START Records for the task
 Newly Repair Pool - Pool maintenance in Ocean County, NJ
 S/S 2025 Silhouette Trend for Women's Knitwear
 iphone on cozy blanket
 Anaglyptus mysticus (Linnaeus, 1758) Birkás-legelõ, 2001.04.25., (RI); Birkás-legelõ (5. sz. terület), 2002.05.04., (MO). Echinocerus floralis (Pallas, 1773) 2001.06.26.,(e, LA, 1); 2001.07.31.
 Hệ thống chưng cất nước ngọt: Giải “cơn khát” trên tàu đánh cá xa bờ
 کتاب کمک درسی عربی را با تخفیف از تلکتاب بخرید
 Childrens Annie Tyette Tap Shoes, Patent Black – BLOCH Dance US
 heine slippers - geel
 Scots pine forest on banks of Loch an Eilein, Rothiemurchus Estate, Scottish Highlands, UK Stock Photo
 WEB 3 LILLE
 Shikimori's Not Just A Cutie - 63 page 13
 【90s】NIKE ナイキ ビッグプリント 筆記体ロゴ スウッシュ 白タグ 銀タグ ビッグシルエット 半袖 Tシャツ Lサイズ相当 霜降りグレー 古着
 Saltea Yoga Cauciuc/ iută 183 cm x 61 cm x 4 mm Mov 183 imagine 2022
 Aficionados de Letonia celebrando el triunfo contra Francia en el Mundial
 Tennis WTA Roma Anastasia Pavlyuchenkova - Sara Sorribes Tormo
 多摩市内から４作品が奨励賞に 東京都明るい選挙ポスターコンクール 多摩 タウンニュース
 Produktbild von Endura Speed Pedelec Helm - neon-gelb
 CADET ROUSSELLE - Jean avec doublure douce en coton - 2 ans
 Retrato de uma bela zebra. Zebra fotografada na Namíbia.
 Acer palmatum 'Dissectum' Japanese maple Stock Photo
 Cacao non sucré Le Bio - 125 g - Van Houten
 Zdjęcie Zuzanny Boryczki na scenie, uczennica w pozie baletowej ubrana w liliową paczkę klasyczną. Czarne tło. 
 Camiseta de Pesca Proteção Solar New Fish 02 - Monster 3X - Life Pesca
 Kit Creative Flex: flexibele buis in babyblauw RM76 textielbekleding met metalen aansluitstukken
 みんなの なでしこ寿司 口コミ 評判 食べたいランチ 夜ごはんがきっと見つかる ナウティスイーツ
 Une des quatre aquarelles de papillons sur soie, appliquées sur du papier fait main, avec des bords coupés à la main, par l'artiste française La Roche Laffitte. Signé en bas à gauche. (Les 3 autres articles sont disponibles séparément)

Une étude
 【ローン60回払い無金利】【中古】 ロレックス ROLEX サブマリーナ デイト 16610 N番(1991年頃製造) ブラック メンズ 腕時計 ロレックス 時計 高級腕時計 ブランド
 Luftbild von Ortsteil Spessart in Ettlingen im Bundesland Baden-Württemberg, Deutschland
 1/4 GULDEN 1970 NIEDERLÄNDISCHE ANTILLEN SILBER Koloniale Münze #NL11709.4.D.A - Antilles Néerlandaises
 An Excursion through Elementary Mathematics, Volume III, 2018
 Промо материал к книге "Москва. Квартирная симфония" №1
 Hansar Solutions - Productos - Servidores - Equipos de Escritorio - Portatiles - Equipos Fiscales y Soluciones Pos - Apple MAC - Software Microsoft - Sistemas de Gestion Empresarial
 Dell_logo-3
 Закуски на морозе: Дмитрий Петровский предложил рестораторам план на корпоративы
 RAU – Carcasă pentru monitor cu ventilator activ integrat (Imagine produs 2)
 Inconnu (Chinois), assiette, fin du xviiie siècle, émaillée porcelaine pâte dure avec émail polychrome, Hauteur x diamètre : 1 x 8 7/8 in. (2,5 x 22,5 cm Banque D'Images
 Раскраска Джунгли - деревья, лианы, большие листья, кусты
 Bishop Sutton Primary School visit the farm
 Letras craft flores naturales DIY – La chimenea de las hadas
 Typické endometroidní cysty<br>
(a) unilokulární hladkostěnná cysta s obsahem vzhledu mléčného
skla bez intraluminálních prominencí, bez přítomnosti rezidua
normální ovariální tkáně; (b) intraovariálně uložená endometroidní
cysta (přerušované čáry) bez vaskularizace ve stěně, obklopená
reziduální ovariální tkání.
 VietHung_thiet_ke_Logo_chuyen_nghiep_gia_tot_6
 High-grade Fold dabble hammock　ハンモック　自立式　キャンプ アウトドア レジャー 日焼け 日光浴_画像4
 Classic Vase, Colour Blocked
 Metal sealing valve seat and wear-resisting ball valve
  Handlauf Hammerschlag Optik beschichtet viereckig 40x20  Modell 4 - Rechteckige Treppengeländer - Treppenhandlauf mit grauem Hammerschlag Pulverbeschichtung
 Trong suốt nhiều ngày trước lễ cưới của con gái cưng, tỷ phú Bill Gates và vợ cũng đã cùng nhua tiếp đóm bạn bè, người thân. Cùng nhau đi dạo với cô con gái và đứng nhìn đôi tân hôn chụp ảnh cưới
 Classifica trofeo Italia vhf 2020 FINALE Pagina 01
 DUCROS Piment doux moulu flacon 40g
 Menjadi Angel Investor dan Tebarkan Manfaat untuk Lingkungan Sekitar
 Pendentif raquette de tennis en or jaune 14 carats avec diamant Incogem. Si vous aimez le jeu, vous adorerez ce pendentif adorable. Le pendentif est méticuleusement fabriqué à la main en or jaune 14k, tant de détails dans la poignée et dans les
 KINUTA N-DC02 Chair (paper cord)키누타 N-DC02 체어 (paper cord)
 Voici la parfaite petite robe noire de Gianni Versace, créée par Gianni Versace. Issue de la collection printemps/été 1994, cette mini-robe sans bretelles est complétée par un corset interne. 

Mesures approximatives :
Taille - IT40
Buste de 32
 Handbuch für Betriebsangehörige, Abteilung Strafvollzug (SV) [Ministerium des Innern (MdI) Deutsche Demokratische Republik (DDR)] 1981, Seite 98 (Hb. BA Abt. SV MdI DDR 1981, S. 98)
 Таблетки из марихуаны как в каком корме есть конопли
END Records for the task
### What the task requires
Copy out every line of the entries where the string "Photo" shows up.

### Written solution
 Scots pine forest on banks of Loch an Eilein, Rothiemurchus Estate, Scottish Highlands, UK Stock Photo
 Acer palmatum 'Dissectum' Japanese maple Stock Photo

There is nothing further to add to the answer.